“Through this study, we were able to find clues about how electrons behave when they pass through the atomic wall,” stated Professor Dong Eon Kim. Physicists have been mystified for more than a century about what precisely happens to an electron that tunnels through a potential barrier a process at the heart of quantum mechanics, but so far, not fully understood. The most recent breakthrough experiment not only shed light on this quantum ride but also upended fundamental expectations on electron dynamics within the tunnel.

Quantum tunneling is often likened to a particle somehow flying across a wall that it is unable to climb over, an effect on which all from semiconductor operation to nuclear fusion hinges. While the tunneling entrance and exit sites had been charted, the electron’s passage through the forbidden region was a “black box.” Using intense laser pulses in an interdisciplinary research partnership between POSTECH and the Max Planck Institute for Nuclear Physics, researchers investigated this mysterious phase and uncovered a phenomenon that challenges existing models at its core.
The team’s experiment revealed that electrons don’t simply move through the barrier without interference. Instead, they undergo what the researchers have termed as “under-the-barrier recollision” a process where the electron, having not yet moved outside the barrier, collides with the atomic nucleus again. This finding overturns the conventional belief that any electron-nucleus interaction was not possible unless after the electron had already exited the tunnel. The observation of this recollision was made possible by leveraging attosecond pulse generation and ultrafast measurement techniques, which are now de facto tools in strong-field physics. These techniques, employing waveform-synthesised laser pulses with pulse widths below three femtoseconds, allow reliable monitoring of electron motion on timescales where quantum effects prevail.
More striking is that electrons gain energy in their under-the-barrier path, reaching a rise of Freeman resonance a resonance-driven ionisation process. This process creates ionization rates higher than theoretical predictions and, most surprisingly, with comparatively little dependence on the intensity of the driving laser. Such independence from laser intensity is unprecedented and suggests a novel class of ionization processes. The researchers described it as follows: “This is a completely new discovery that could not be predicted by existing theories.”
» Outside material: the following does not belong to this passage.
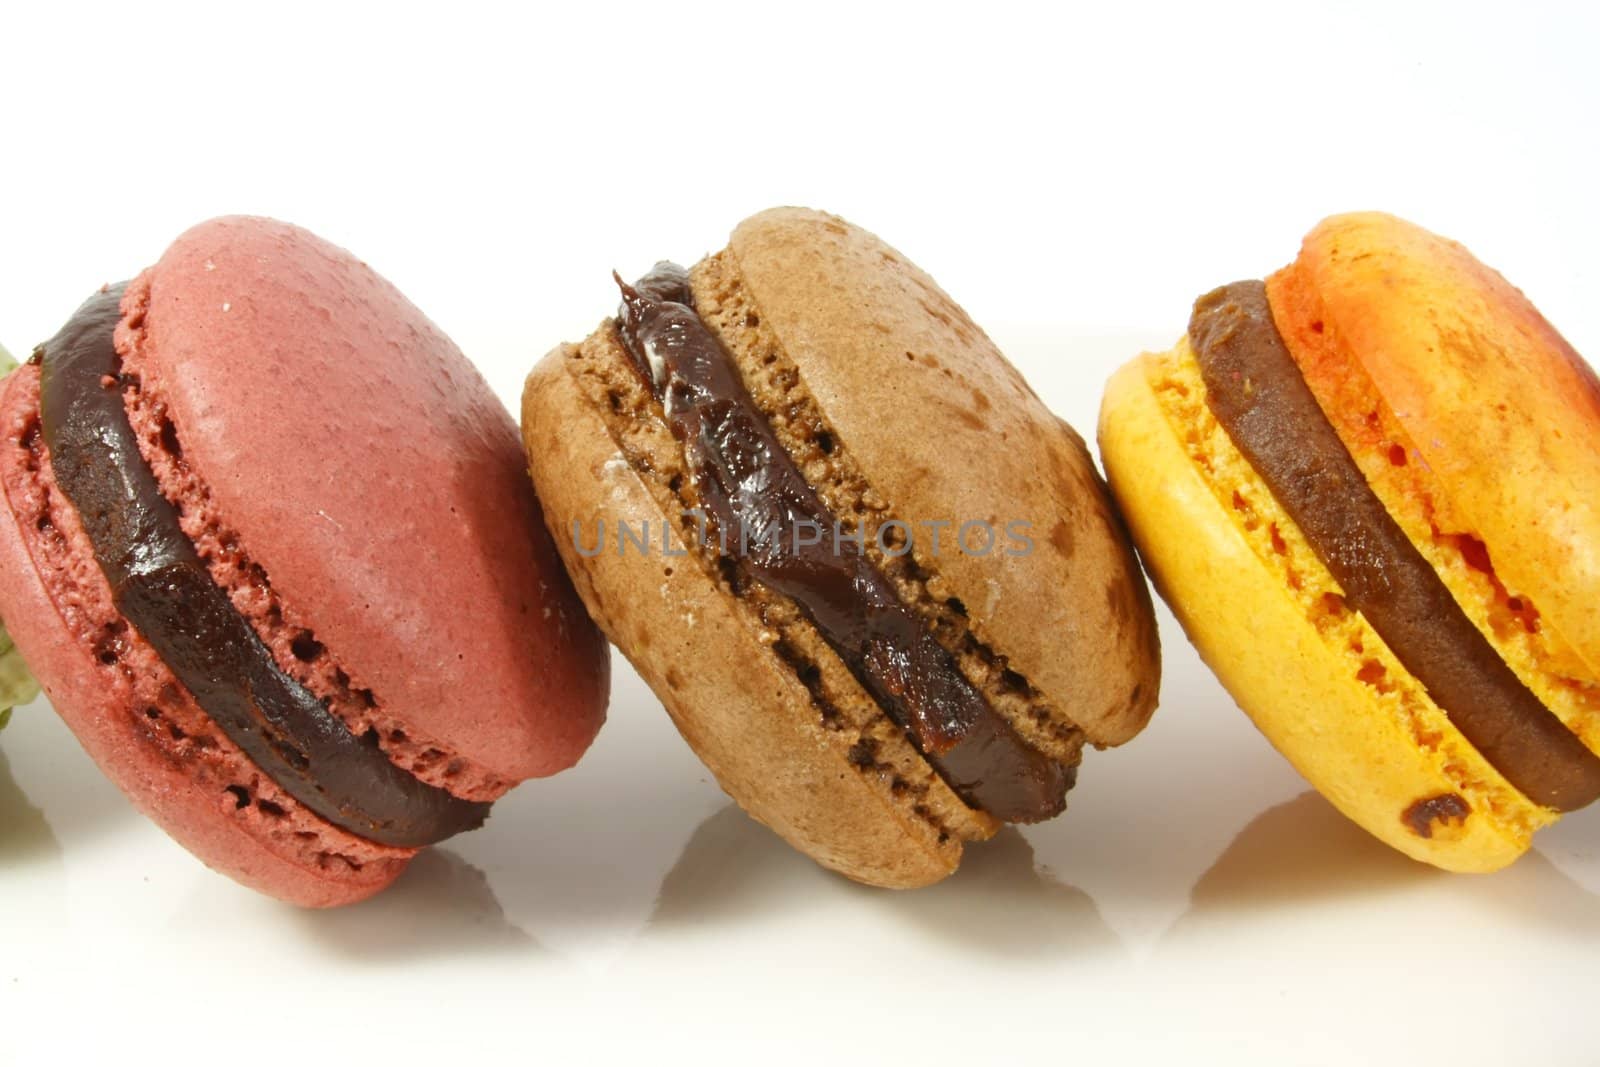 Macaroons Group on a Reflective White Background

The implications of these findings resonate far beyond academic curiosity. In semiconductor physics, quantum tunneling is both a blessing and a curse. With decreasing device size to nanoscales, tunneling currents are unavoidable, leading to leakage and power loss in conventional transistors. At the same time, the phenomenon is also used in high-end devices such as tunnel field-effect transistors (TFETs) and resonant tunneling diodes, where control of electron flow through barriers needs to be extremely accurate to provide low-power, high-speed switching. The new technological freedom to engineer tunneling processes to unprecedented precision opens up the field to realize quantum-class devices. Through control of the coupling of the electron to the nucleus in the barrier, it may be possible to design the energy distribution and coherence of tunneling electrons, enhancing device performance and reliability.
The technological reach extends to quantum computing as well. Quantum bits, or qubits, often rely on tunneling effects for manipulation and readout of the state. The ability to control tunneling dynamics at the sub-femtosecond level could provide new paths to quantum error correction and suppression of decoherence, as quantum information is notoriously immune to uncontrolled interactions and energy noise. As a recent article pointed out, addressing the issue of quantum tunneling is critical to further advance semiconductor technologies and realize even more powerful and efficient electronic devices in the era of quantum technology.
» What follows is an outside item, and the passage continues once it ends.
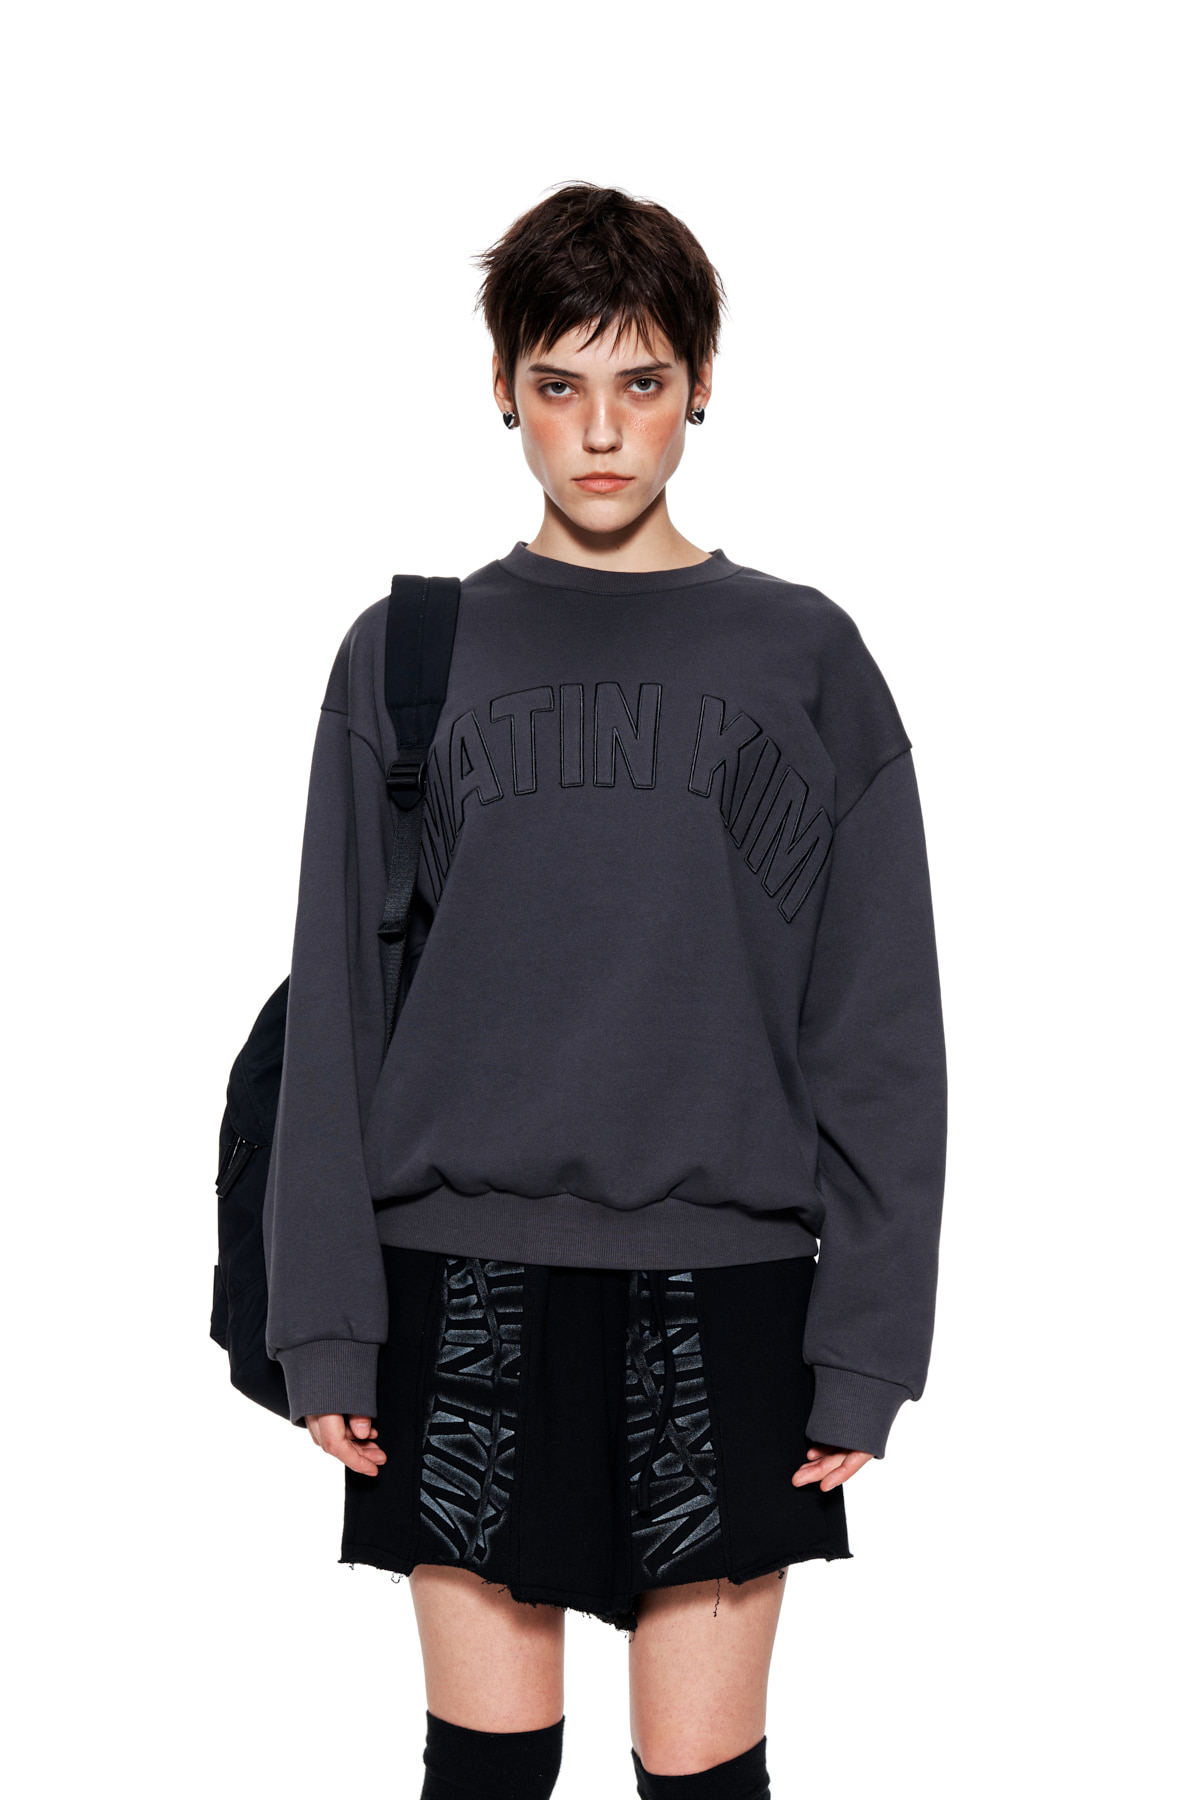 MATIN APPLIQUE ARCH SWEATSHIRT IN CHARCOAL

Moreover, the experimental approaches adopted to achieve this breakthrough attosecond streaking and waveform synthesis are themselves pushing the boundaries of ultrafast science. By precision-engineering the electric field of laser pulses to attosecond scales, researchers can now generate and characterize isolated attosecond pulses across a broad range of energies and shed light on the most extreme phenomena in nature. Such control is necessary to investigate and ultimately manage electron dynamics in materials, molecules, and devices.
Its broader importance was brought out by Professor Kim: “Now, we can finally understand tunneling more deeply and control it as we wish.” This portends a paradigm shift not only in the underlying physics of quantum mechanics, but also in the engineering of next-generation technologies that depend on the nuanced ballet of electrons beneath the barrier.